Keep the images out and set the listing below down word for word.
-------- RECORDED INFORMATION
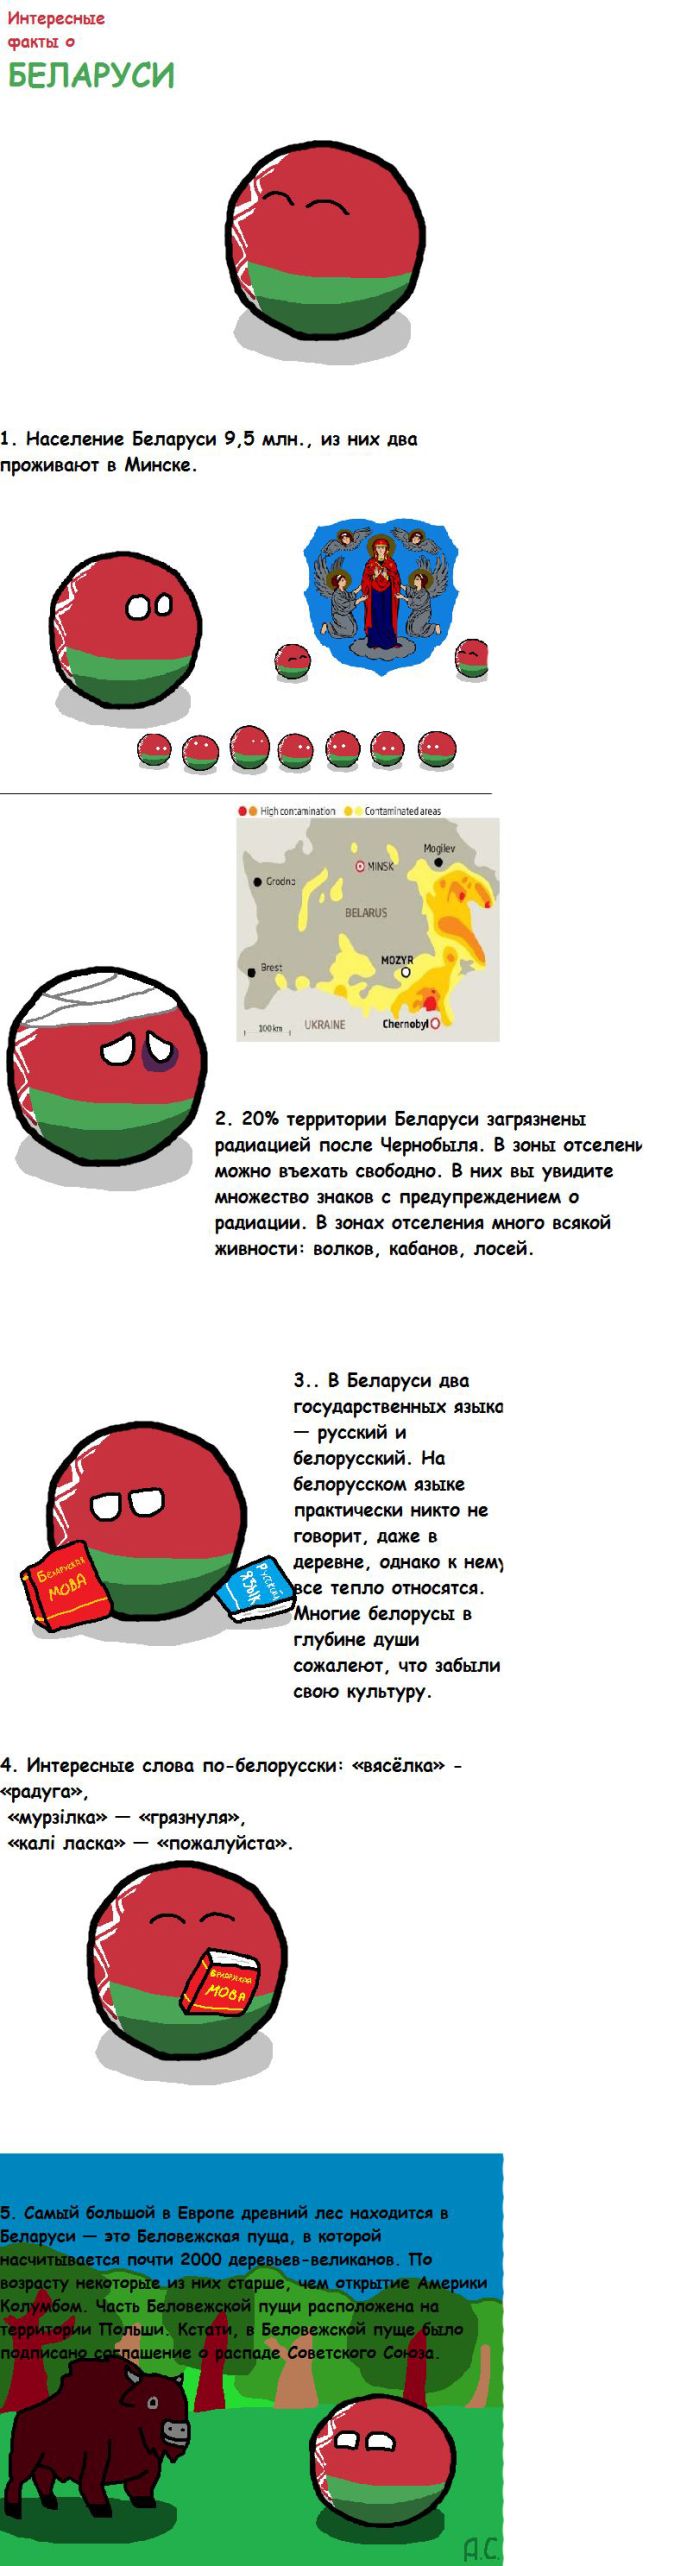 Познавательные факты о Белоруссии
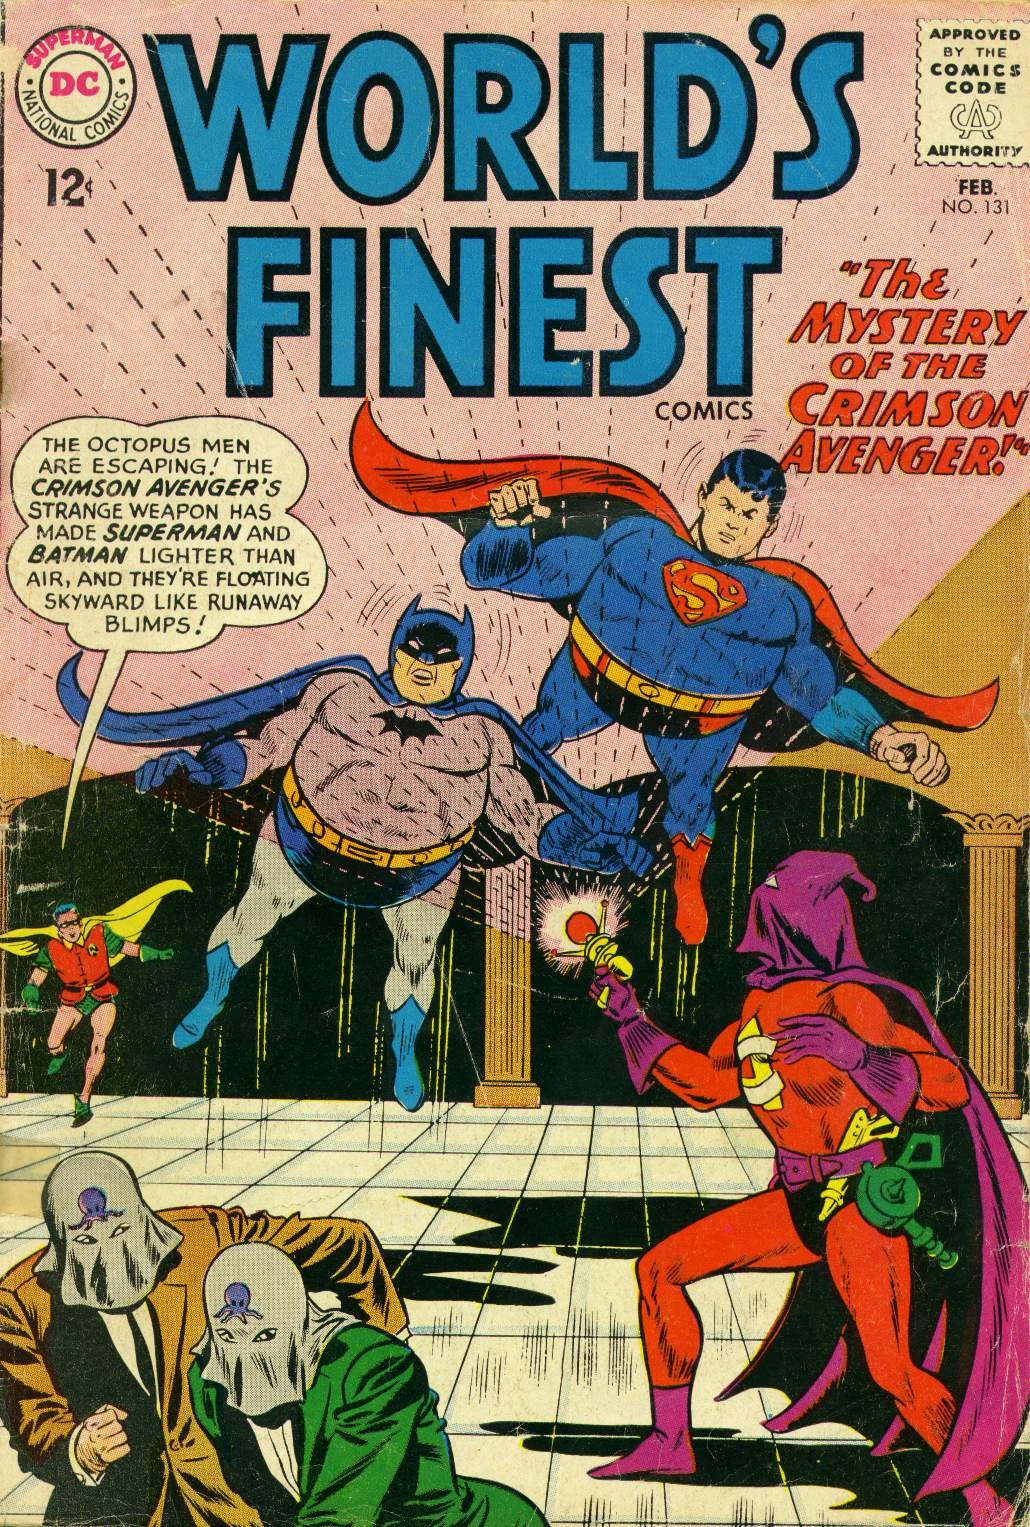 Portada de World's Finest 131 en la que vemos al nuevo Crimson Avenger con traje de supes y capucha violeta, apuntando a Superman y batman con una pistola que les convierte en muñecos hinchables. Mintras unos tipos con capuchas con pulpos huyen.
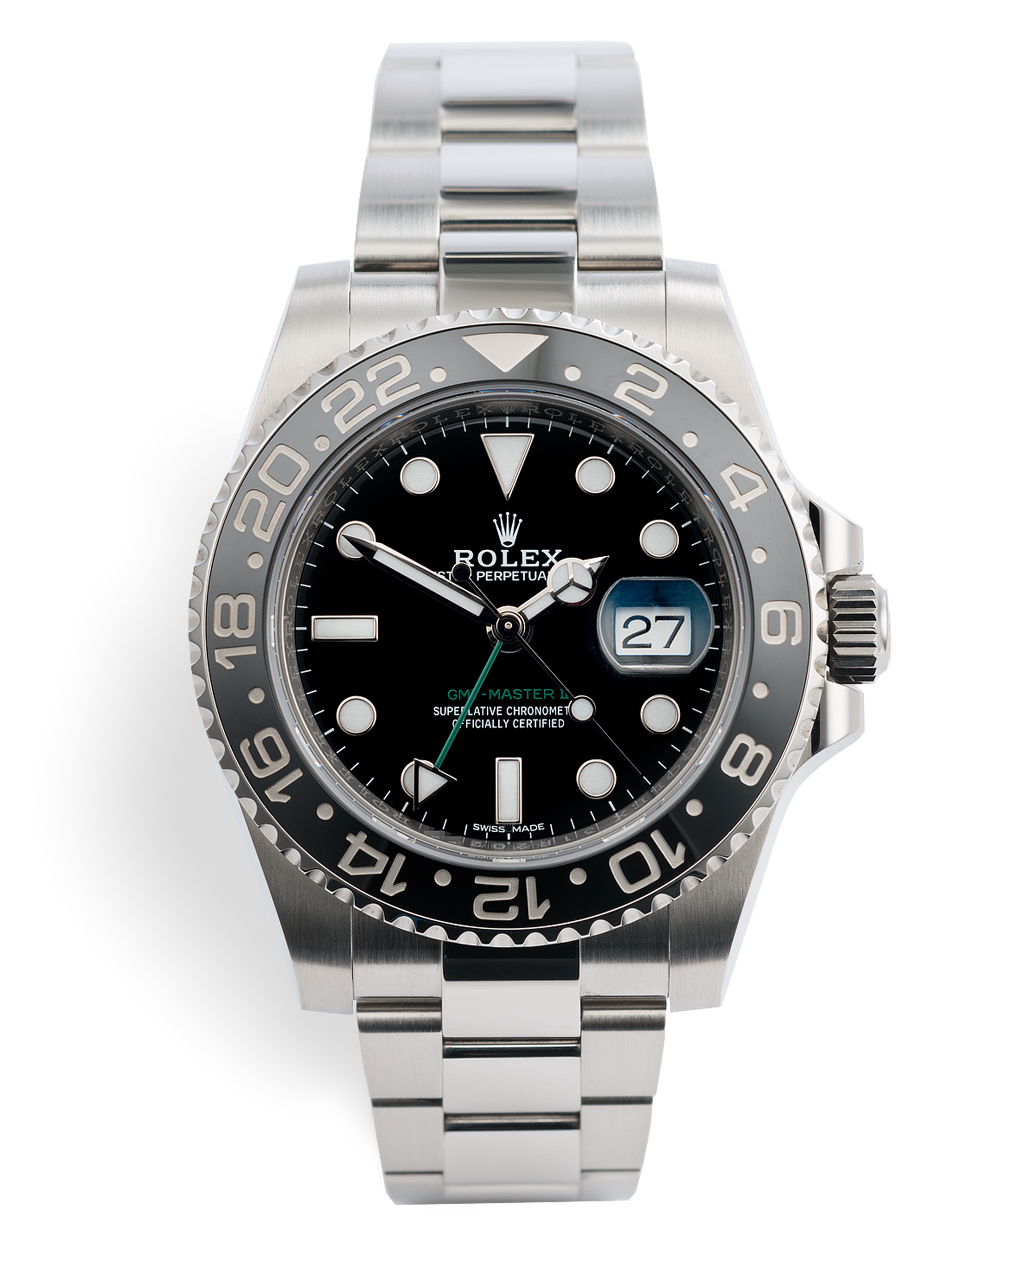 Rolex GMT-Master II Watches | ref 116710LN | Rolex Warranty to 2023 ...
----------------
→ **RESPONSE AREA**:
 Познавательные факты о Белоруссии
 Portada de World's Finest 131 en la que vemos al nuevo Crimson Avenger con traje de supes y capucha violeta, apuntando a Superman y batman con una pistola que les convierte en muñecos hinchables. Mintras unos tipos con capuchas con pulpos huyen.
 Rolex GMT-Master II Watches | ref 116710LN | Rolex Warranty to 2023 ...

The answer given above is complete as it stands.